Connelly-Misquish claims the tribe would write health and safety codes at least equal to those required by California's environmental agencies. But ranchers and farmers near the reservation are not so sure. Concerned that the dump and incinerator would contaminate the region, they have asked the state legislature to make all California reservations subject to state environmental regulations. If they succeed, the waste companies can expect to come up against tougher environmental rules at other reservations.
The Campos' opponents are practicing a strategy that wealthier neighborhoods use regularly with considerable success. That strategy is encompassed in a now familiar slogan: NIMBY (not in my backyard). With the help of money and political power, such groups fight off unwanted facilities like halfway houses for recovering addicts, prisons and incinerators, which then almost invariably find homes that can least afford to resist them. In well-to-do Greenwich, Conn., for example, singer Diana Ross and 12 fellow residents launched a NIMBY campaign to prevent the state from building a $6 million-plus truck-weighing station on an interstate highway that runs near their homes.
For the nation's newly energized grassroots activists, however, NIMBY is a fruitless answer. Theirs is a challenge that the entire U.S. has yet to confront: it's spelled NIABY -- not in anyone's backyard.

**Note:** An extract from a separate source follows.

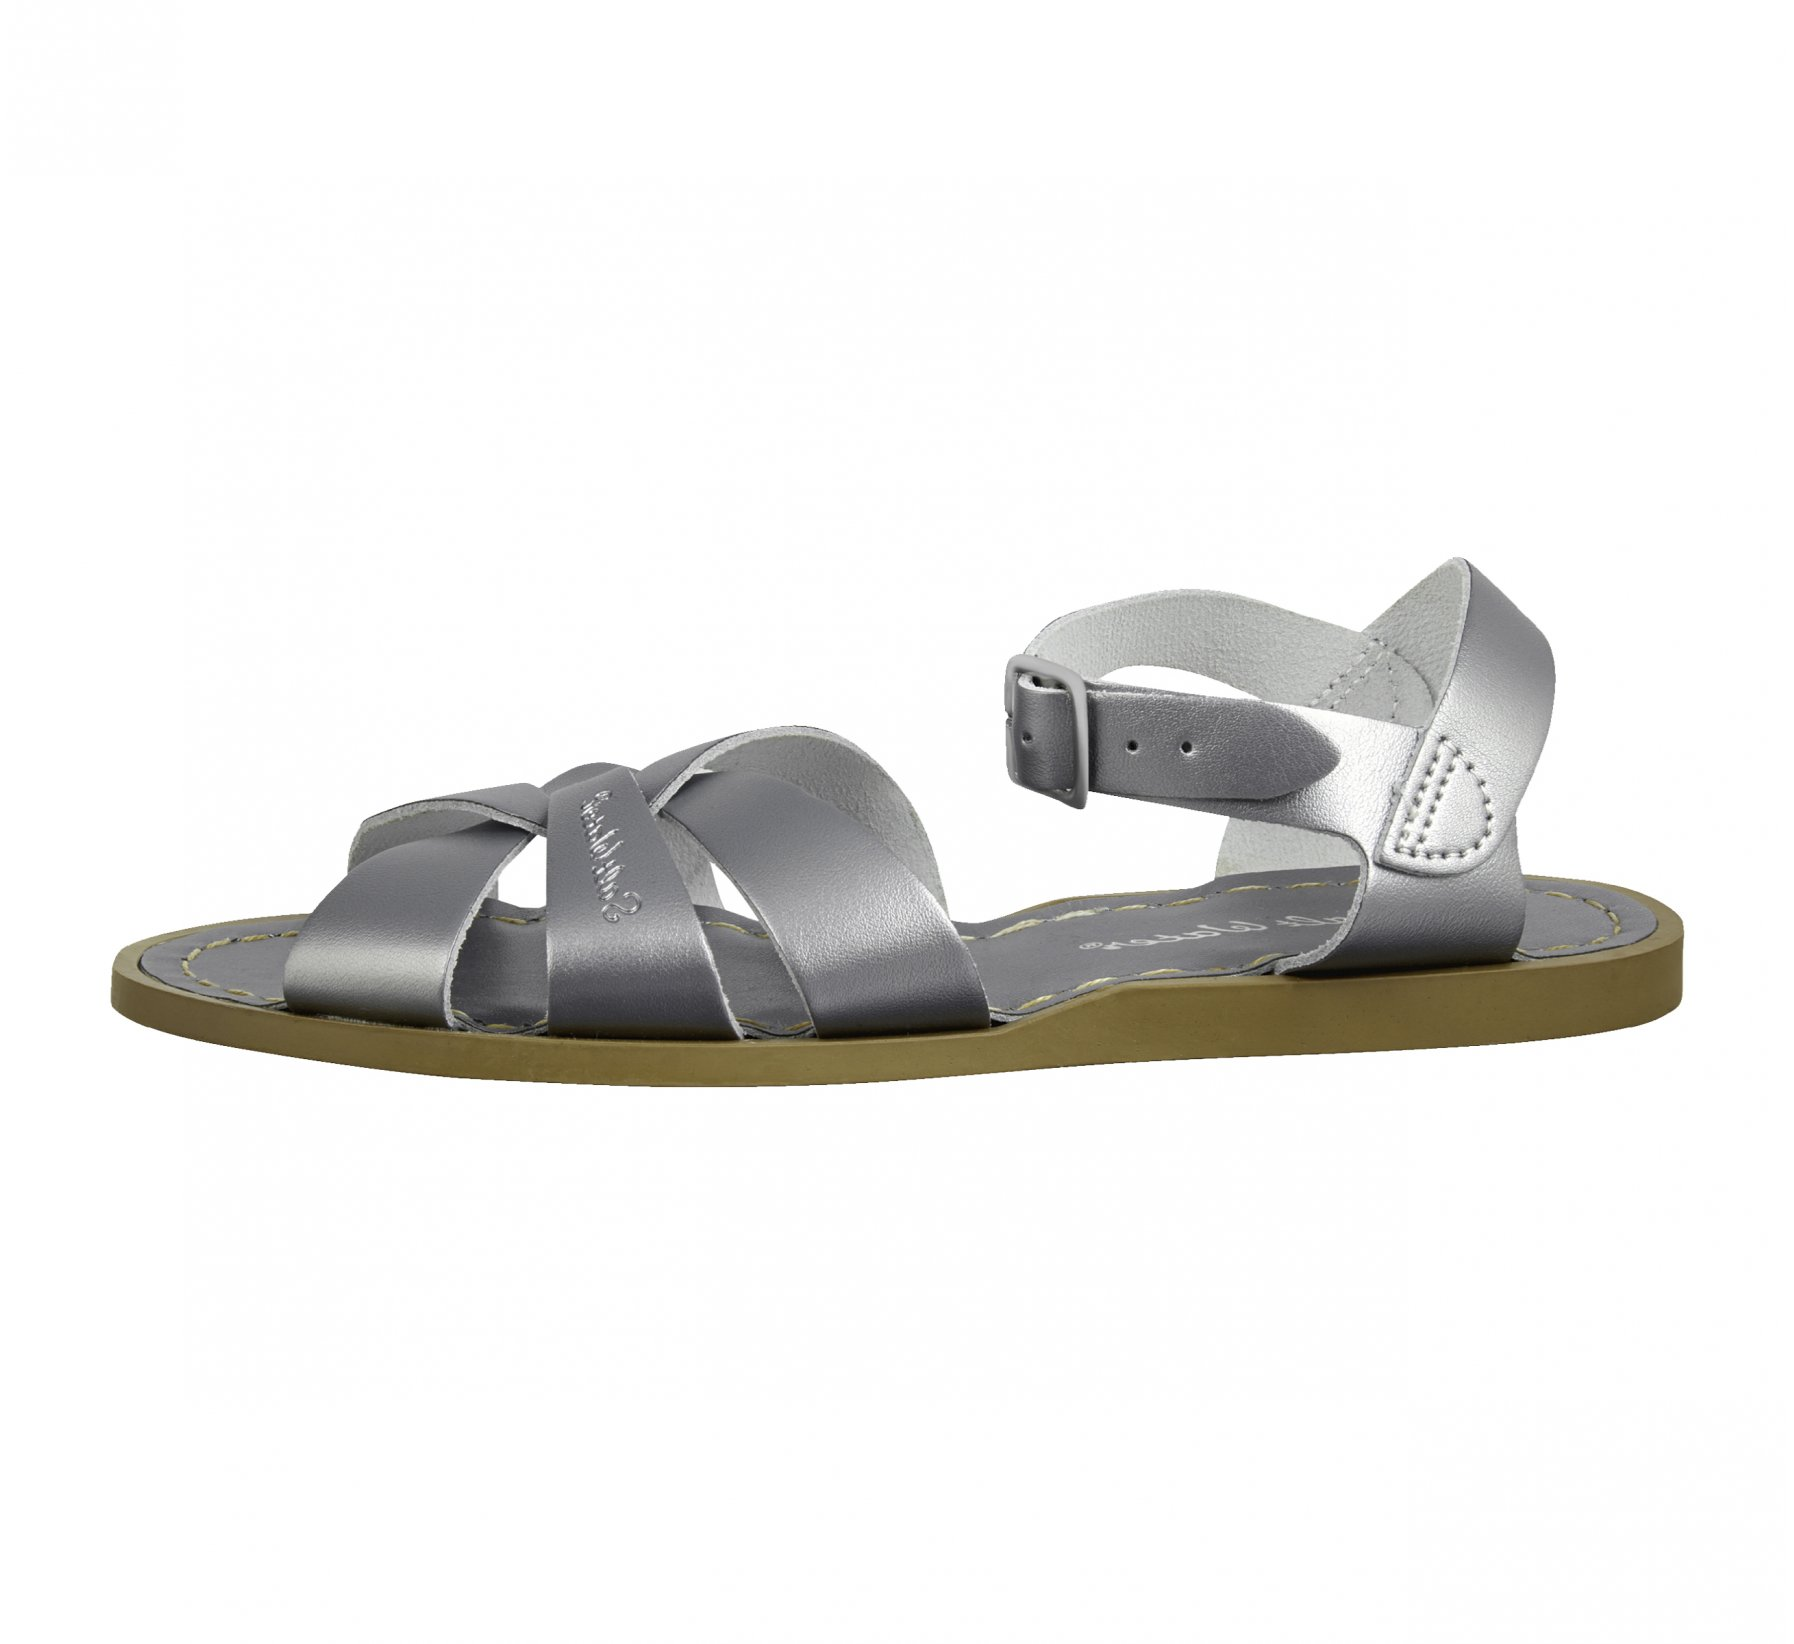 Original Gris Acier - Salt Water Sandals
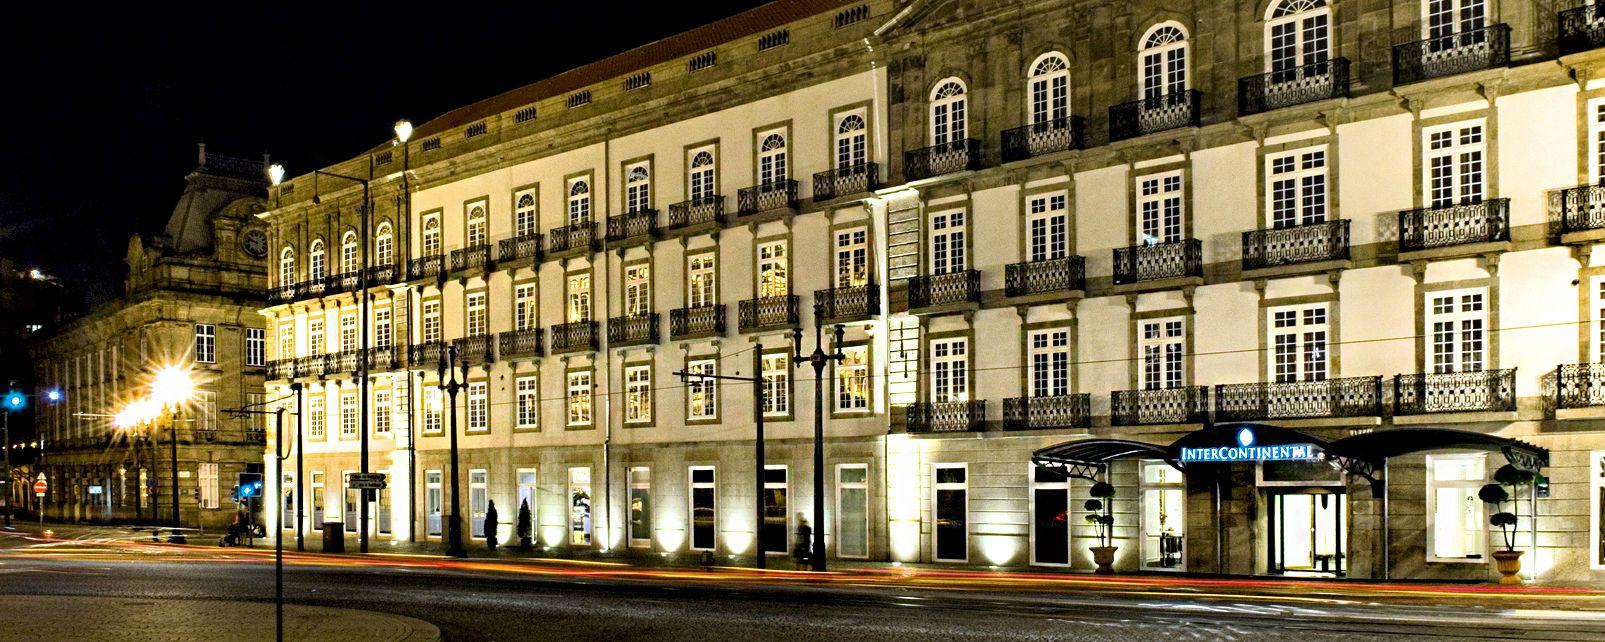 Hôtel InterContinental Porto Palacio das Cardosas

Where, then? The activists aren't terribly helpful in answering that question. They are, however, eloquent in arguing that the nation's monumental waste-disposal problems can no longer be solved by transferring toxic trash from a privileged neighborhood to a less fortunate one; that even state-of- the-art incinerators are costly and inefficient; that a nation that produces 160 million tons of residential and commercial solid wastes every year must find a way to deal with them without destroying its communities; and that, finally, pollution kills people. The rate of lung cancer among young urban blacks is significantly higher than the national average. Some experts persuasively suggest that this dismaying statistic may be attributable not so much to rotten ghetto air as to the fact that young blacks smoke too much.
Regardless of the merits of that debate, one thing is clear: the war to protect the environment has opened a new front in gritty ghetto streets and downtrodden rural backwaters where the endangered species is the poor.